Mirion Technologies, Inc. (“Mirion”), a global provider of
detection, measurement, analysis and monitoring solutions to the
medical, nuclear, defense, and research end markets, today
announced the acquisition of the Dosimetry Badge brand—a small,
US-based distributor of personal dosimeter badges.
Headquartered in Melbourne, FL, Dosimetry Badge started as a
radiation consulting company and evolved into distributing
cost-effective dosimetry services to veterinary centers,
chiropractic clinics, hospitals, radiology centers, nuclear
medicine departments, and other industries that require regular
radiation monitoring of employees. The company recorded nearly
$500,000 in revenue for the 2020 calendar year, with over 2,000
customers relying on Dosimetry Badge solutions for accurate dose
reporting.
“Adding the distribution channels and user-base of Dosimetry
Badge to our organization will increase the stateside footprint of
our dosimetry product offering, contributing to the continued
growth of our industry-leading dosimetry operations,” says Lou
Biacchi, President of Mirion Dosimetry Services. “We look forward
to serving existing Dosimetry Badge customers while providing them
with the opportunity to explore the robust dosimetry options
available at Mirion.”
Mirion provides personal radiation monitoring services and
dosimetry solutions for a wide range of applications. Personal
dosimeters are typically worn by individuals (clipped to their
collar, torso, waist, wrist or worn as a ring on their finger) who
work with or around sources of ionizing radiation and are used to
measure, record, and track the radiation dose they are exposed to
while performing their job.
Mirion’s flagship innovation, the Instadose®* dosimetry
monitoring platform, is a SMARTER personal dosimeter technology
that eliminates the need to collect and return badges every wear
period.

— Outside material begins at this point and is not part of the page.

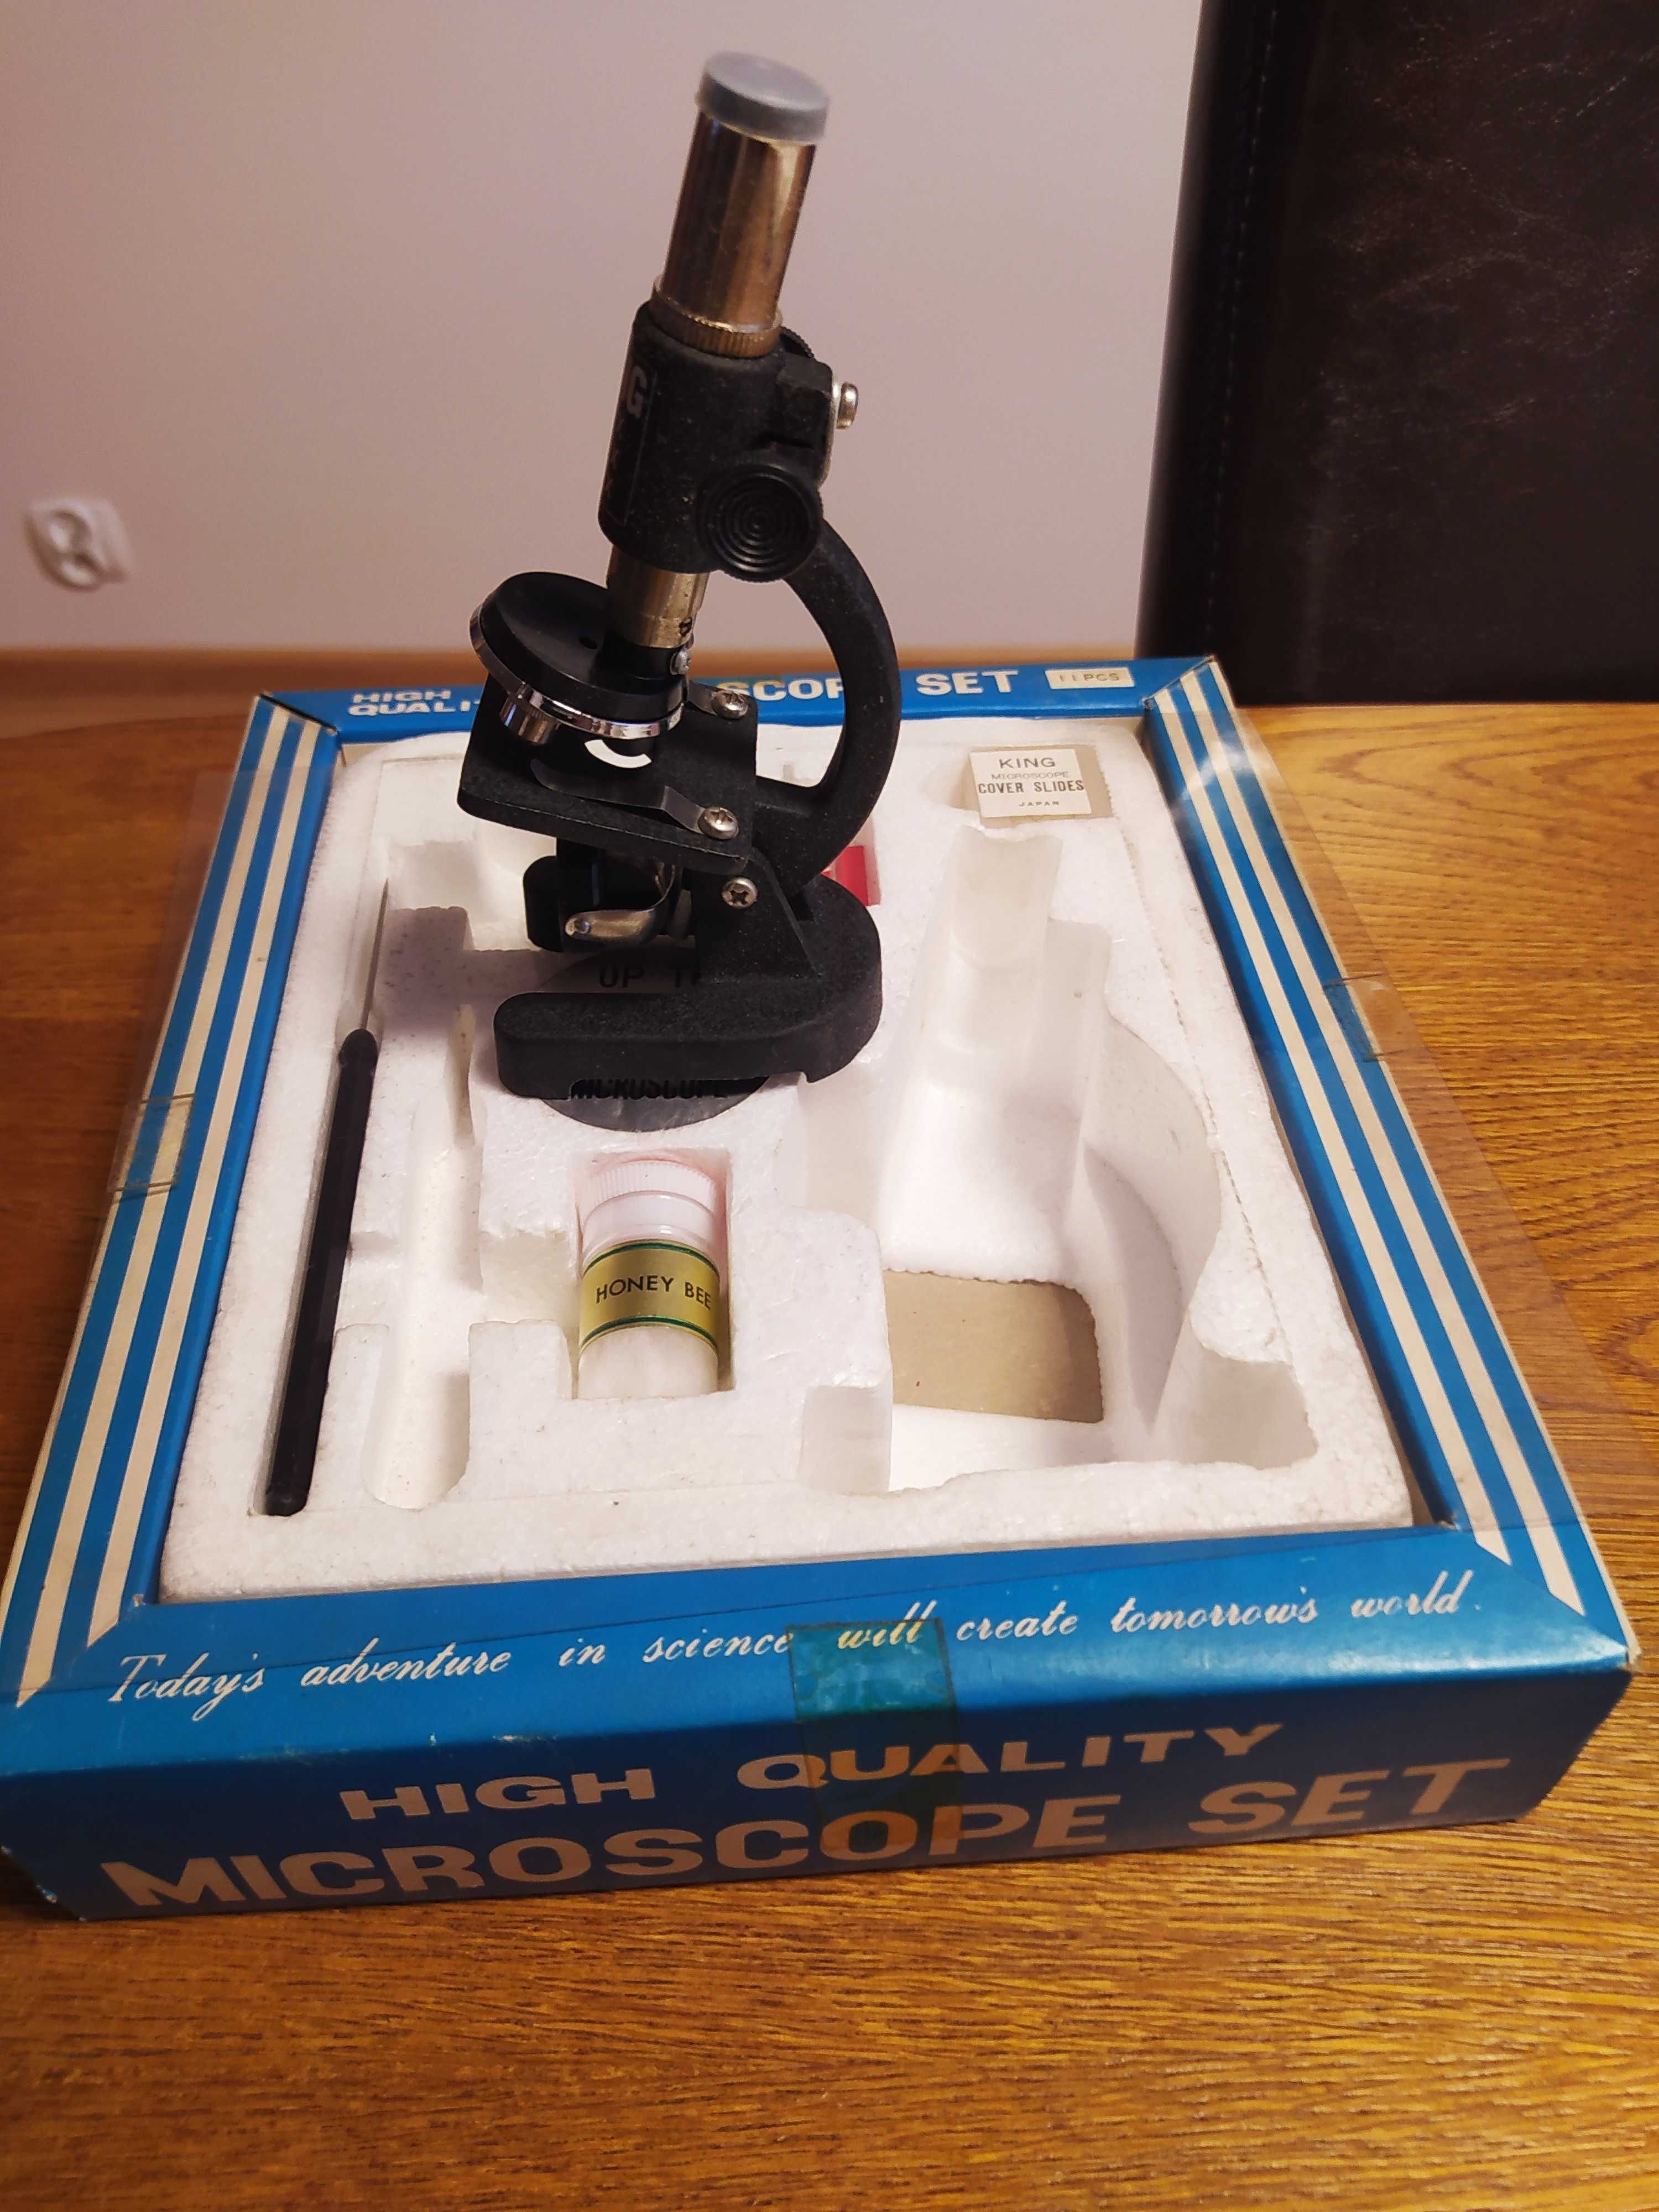 Mikroskop zabawka z lat 80 XX w. produkcji japońskiej

Providing on-demand and automatic dose reads and insights,
Instadose dosimeters enable instant access to current and
historical exposure data and cumulative dose insights, along with
the ability to make account, location, device, and wearer changes
online within minutes.
With the acquisition of the Dosimetry Badge brand and its
distribution contacts, Mirion will strengthen its position in the
US dosimetry market.
Mirion expects to complete its business combination with GS
Acquisition Holdings Corp II (NYSE: GSAH) and become a publicly
listed company in the second half of 2021, subject to satisfaction
of closing conditions, including certain regulatory approvals.
*Instadose® dosimeters may not be accredited in all countries.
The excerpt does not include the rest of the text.